Katrina Lenk (born November 26, 1974) is an American actress, singer, dancer, musician, and songwriter. She is best known for originating the role of Dina in the 2017 Broadway musical The Band's Visit, which earned her the Tony Award for Best Actress in a Musical, along with the Grammy Award for Best Musical Theater Album and the Daytime Emmy Award for Outstanding Musical Performance in a Daytime Program.

Lenk also performed the lead role of Bobbie in the 2021 gender-swapped revival of Stephen Sondheim's musical Company. Lenk's additional stage credits include roles in the Broadway productions of Spider-Man: Turn Off the Dark, Once, and Indecent, as well as roles in regional theater productions.

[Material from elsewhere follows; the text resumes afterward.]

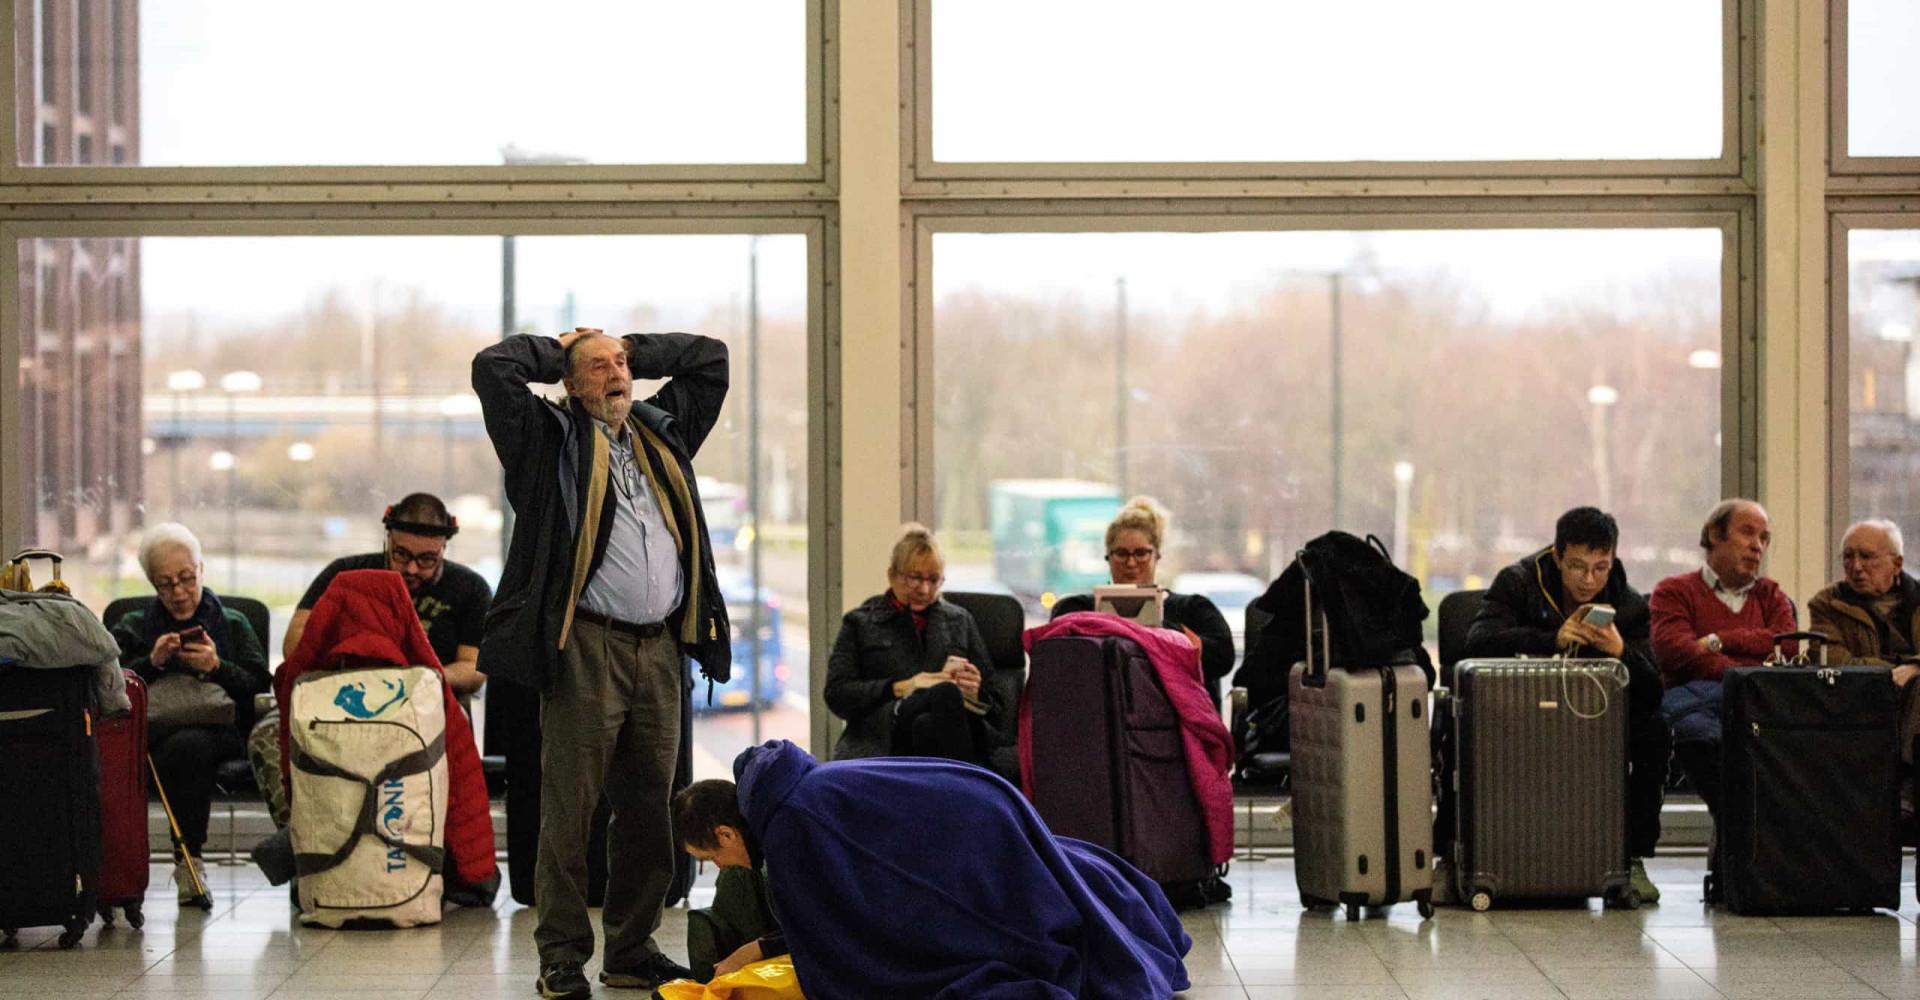 Las experiencias más extrañas vividas en aeropuertos

== Early life and education ==
Lenk was born in Chicago, Illinois to a family of Eastern European descent. Though it has been claimed that she is of a Russian ethnic background, she has preferred to discuss her heritage with ambiguity. She attended Barrington High School in Barrington, Illinois. After enrolling at the School of Music at Northwestern University, she graduated in 1997 while majoring in viola performance and studying voice and musical theatre.

==Career==
Lenk appeared as Yitzak in Hedwig and the Angry Inch at the Broadway Theatre, Chicago, in May 2001. She performed as Linda Lovelace in the musical Lovelace: A Rock Musical in 2008 at the Hayworth Theatre, Los Angeles, about which the L. A. Weekly wrote: "As Linda, Katrina Lenk is sensational—she has a dozen nuanced smiles that range from innocent and shattered to grateful, in order to express whatever passes as kindness when, say, a male co-star (Josh Greene) promises to make their scene fun."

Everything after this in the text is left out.